■ How to complete this task: Where a picture appears in the data below, exclude it; restate everything else word for word.

■ Supplied data:
----------
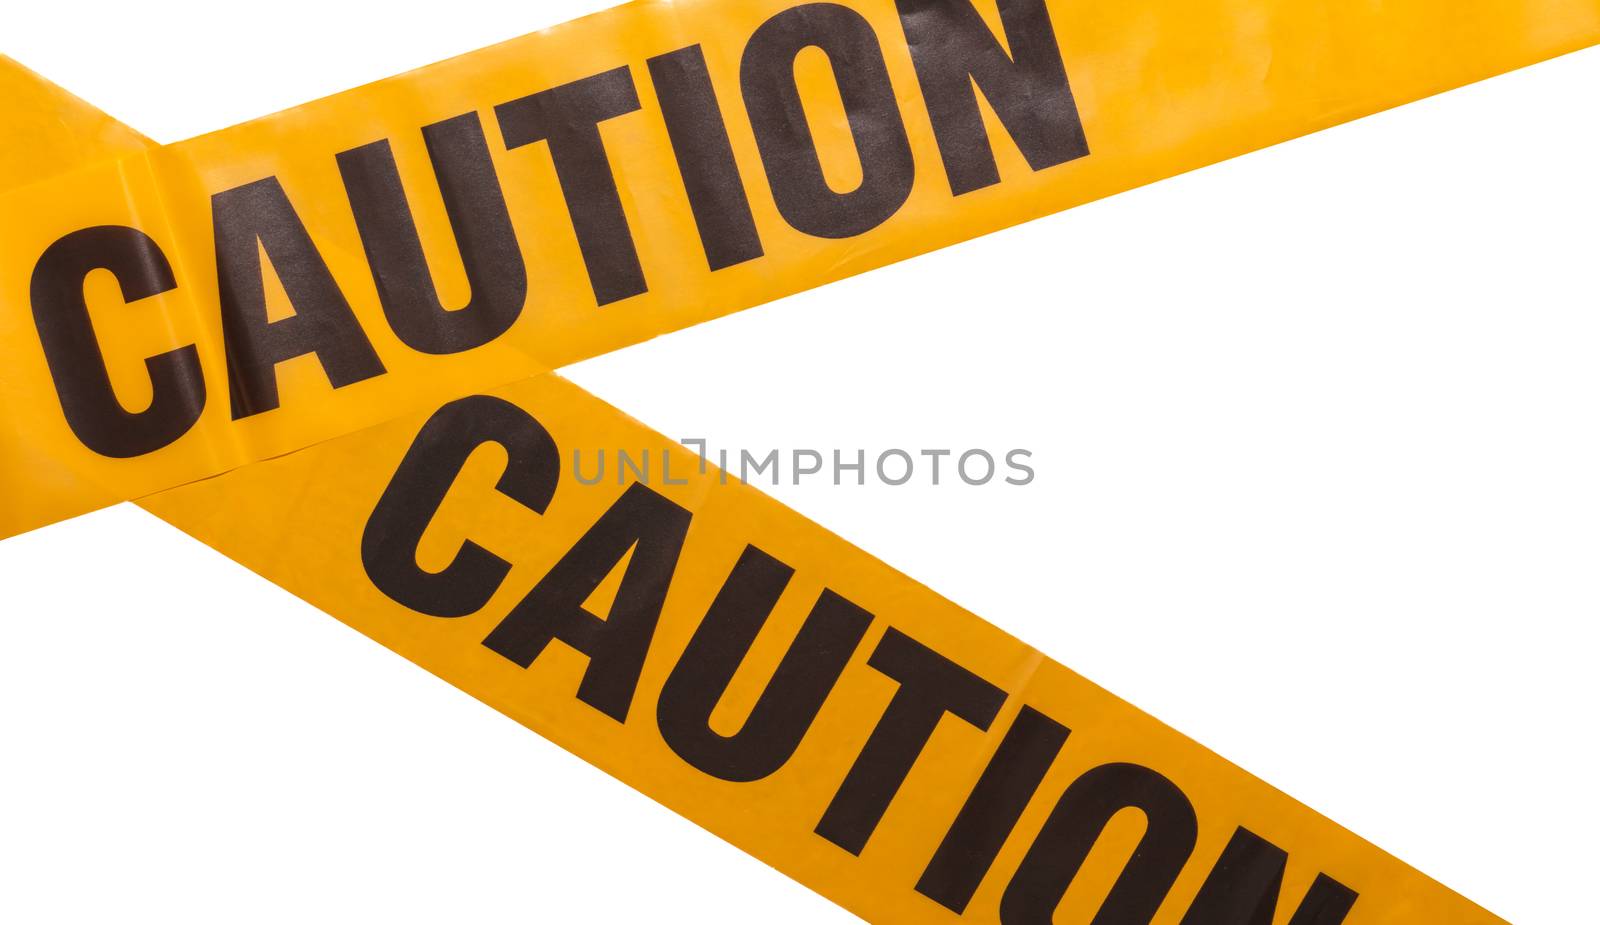 Yellow caution tapes crossing. Isolated. White background. Protection against viruses, bacteria, and germs. Quarantine area. Police barrier.
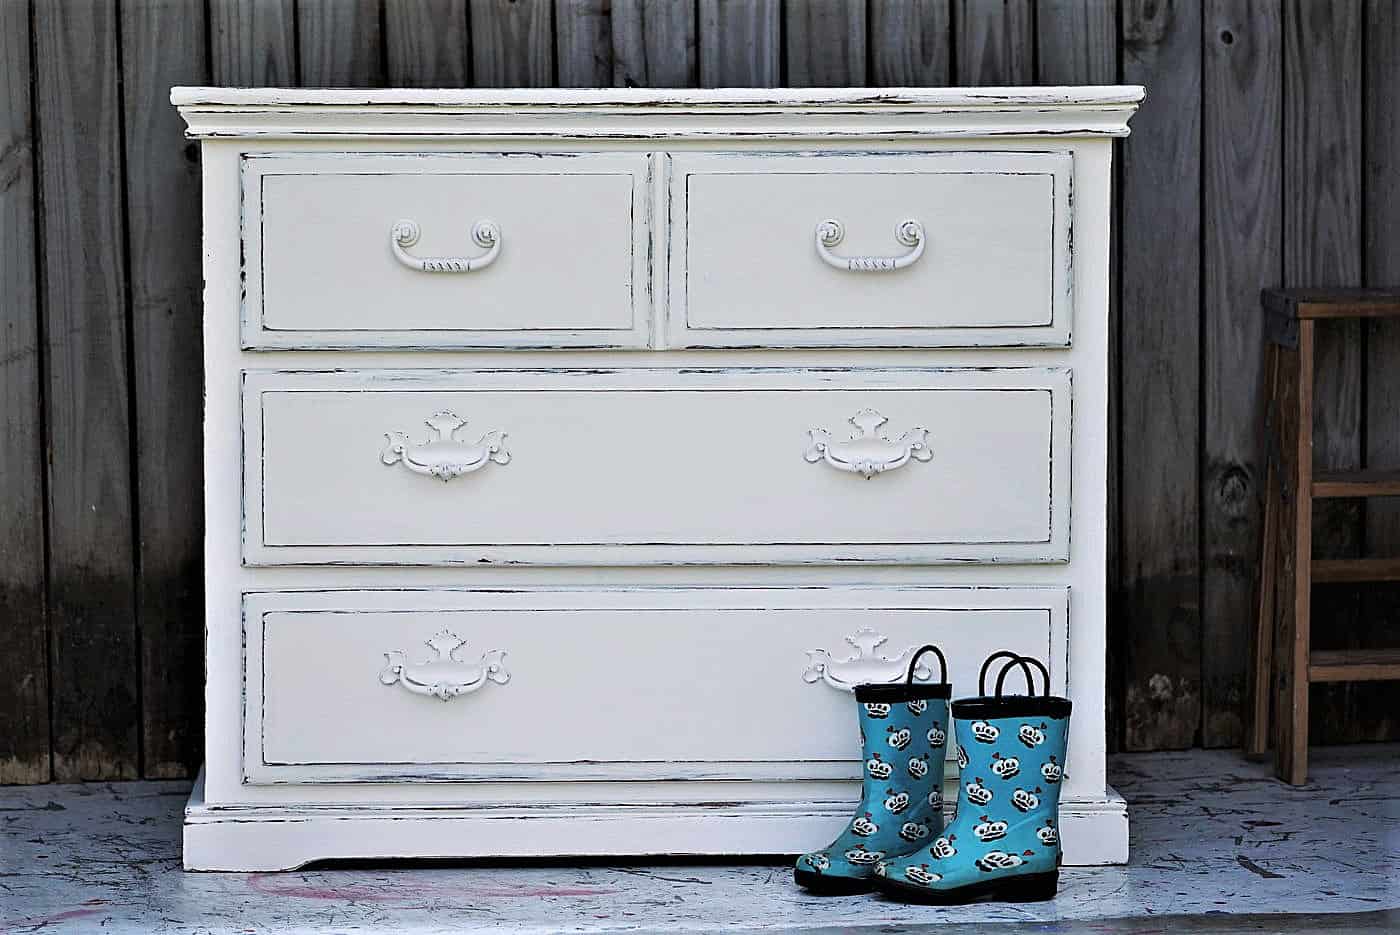 Creating a Rustic Aged look Painting Furniture with Chalk Paint 
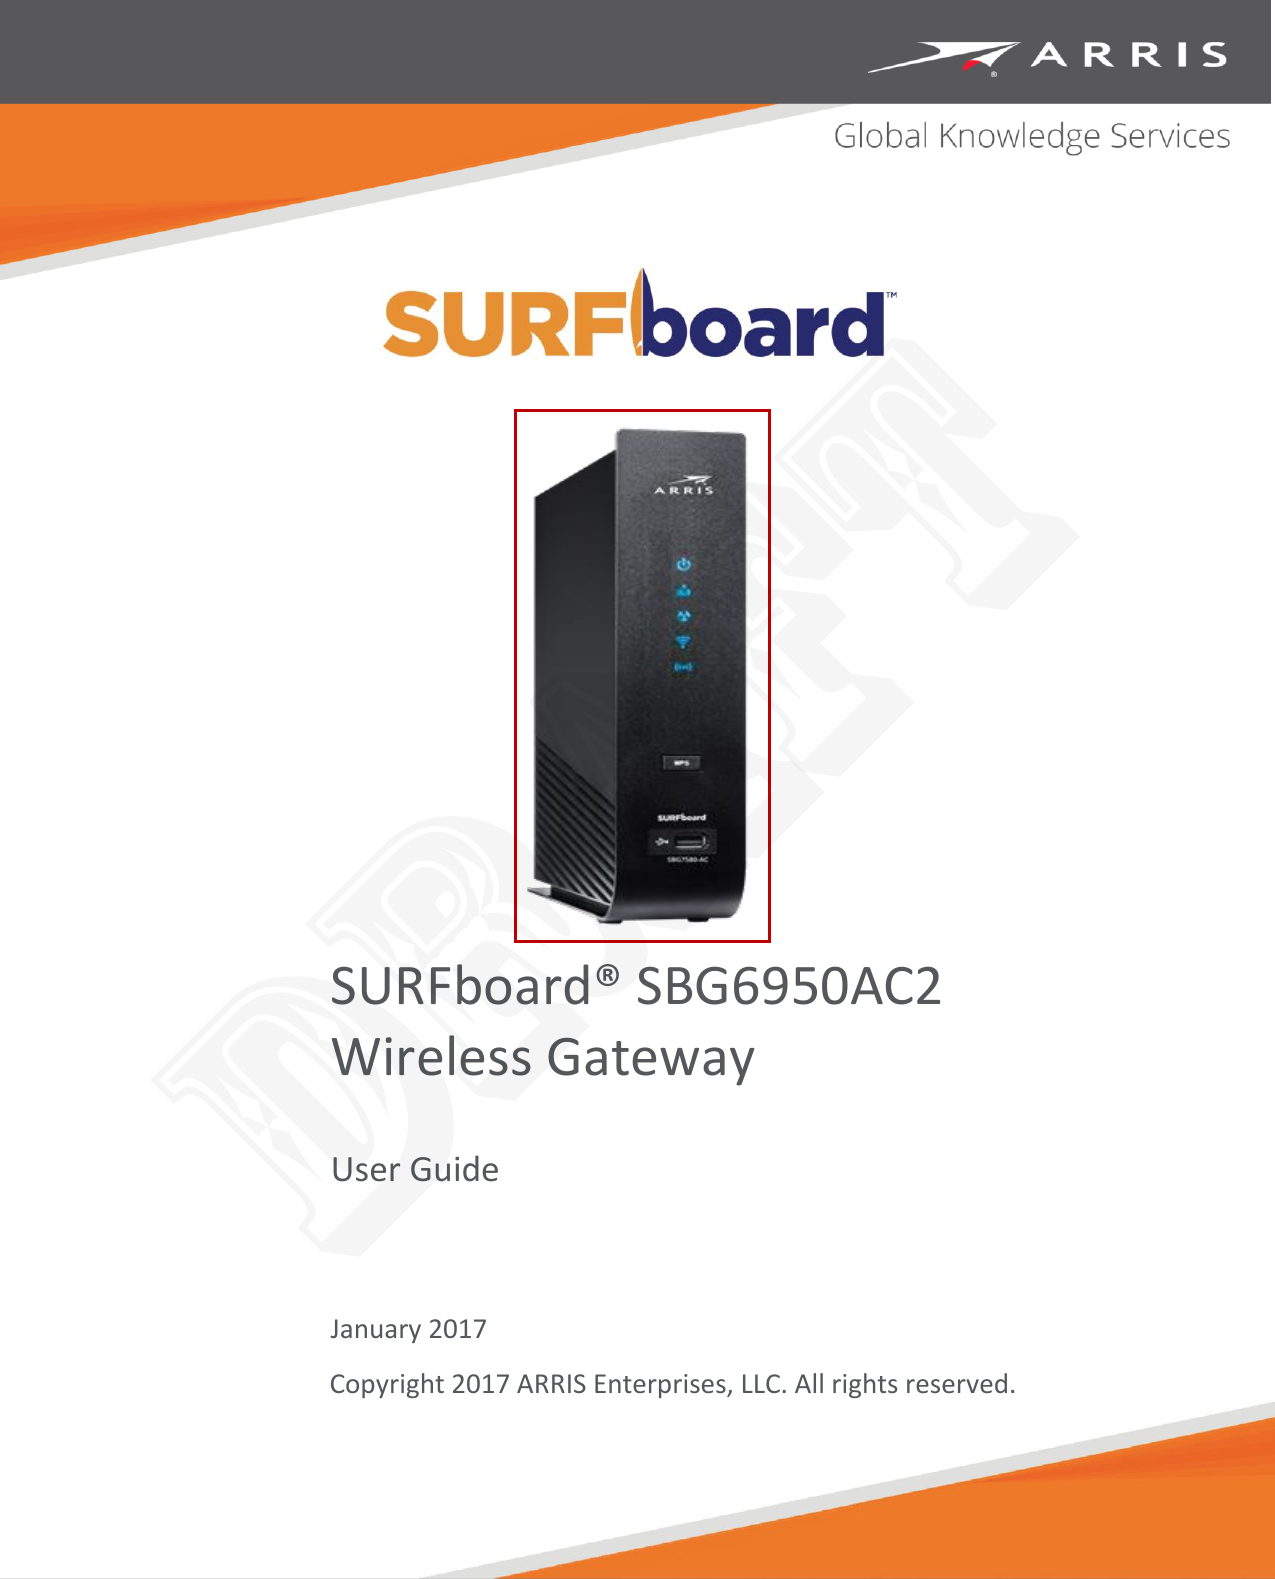   SURFboard® SBG6950AC2 Wireless Gateway User Guide    January 2017 Copyright 2017 ARRIS Enterprises, LLC. All rights reserved.  DRAFT
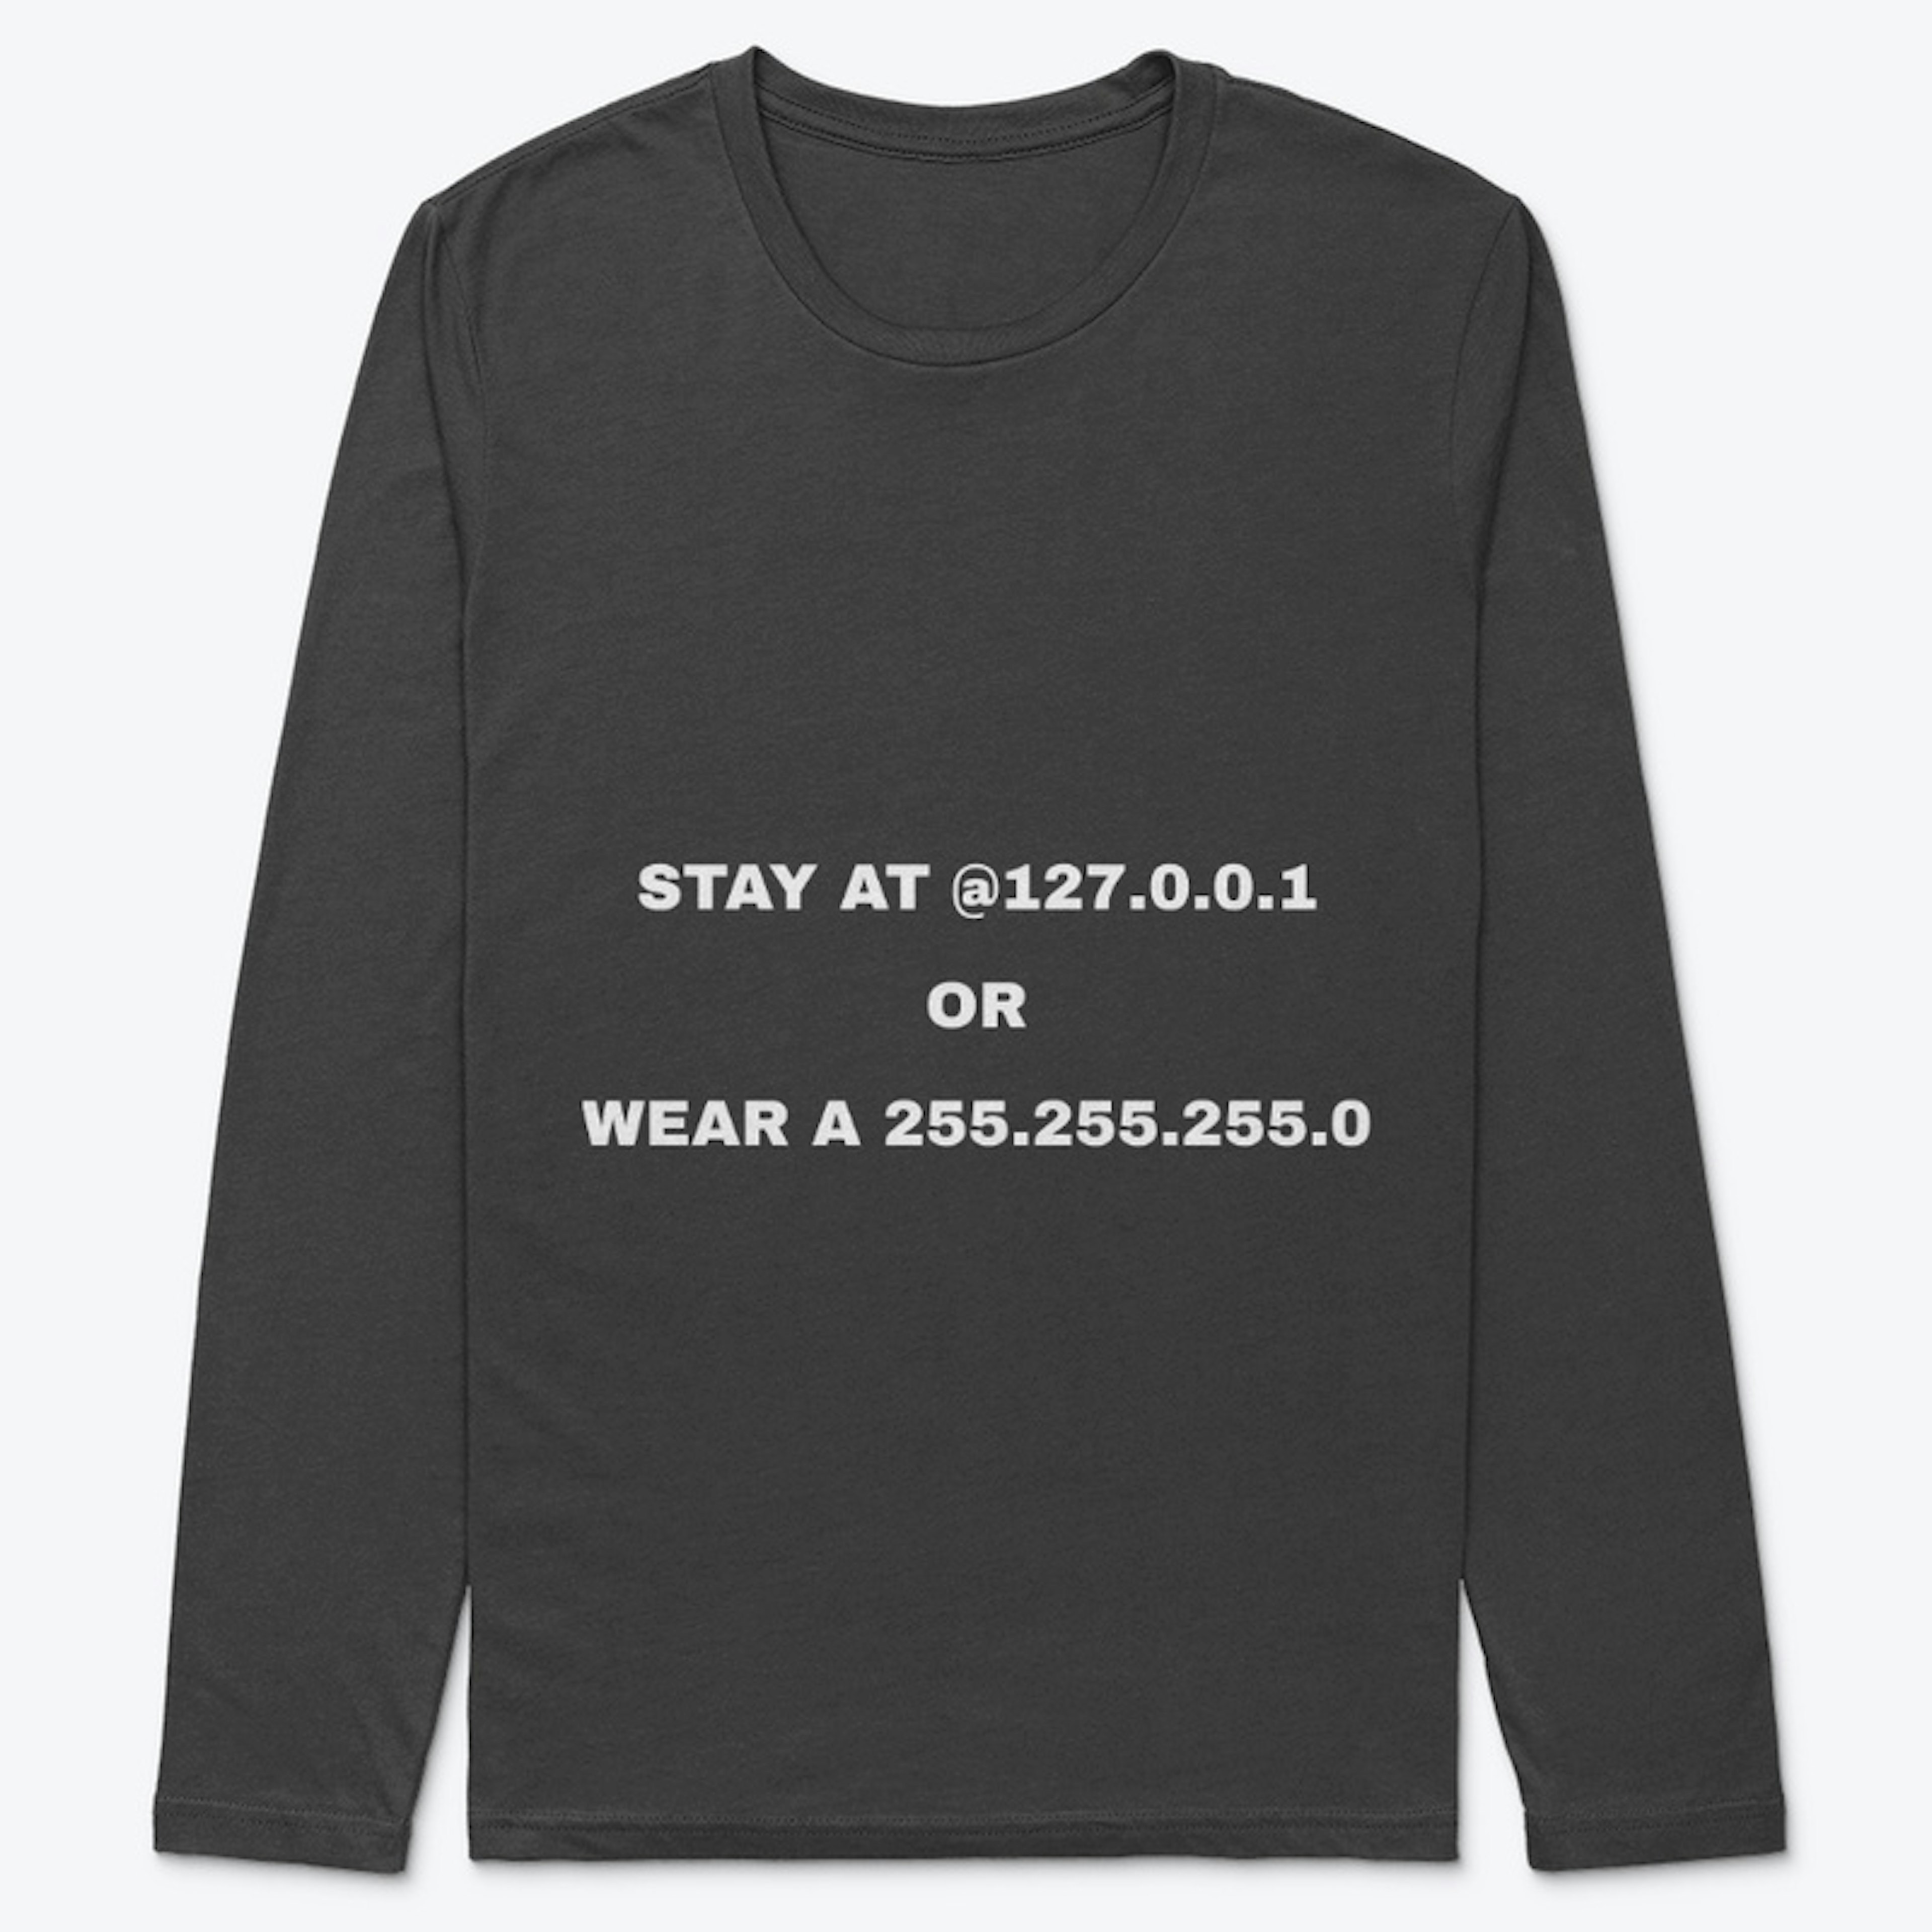 Stay at @127.0.0.1/Wear a 255.255.255.0
----------
■ The answer:
 Yellow caution tapes crossing. Isolated. White background. Protection against viruses, bacteria, and germs. Quarantine area. Police barrier.
 Creating a Rustic Aged look Painting Furniture with Chalk Paint 
   SURFboard® SBG6950AC2 Wireless Gateway User Guide    January 2017 Copyright 2017 ARRIS Enterprises, LLC. All rights reserved.  DRAFT
 Stay at @127.0.0.1/Wear a 255.255.255.0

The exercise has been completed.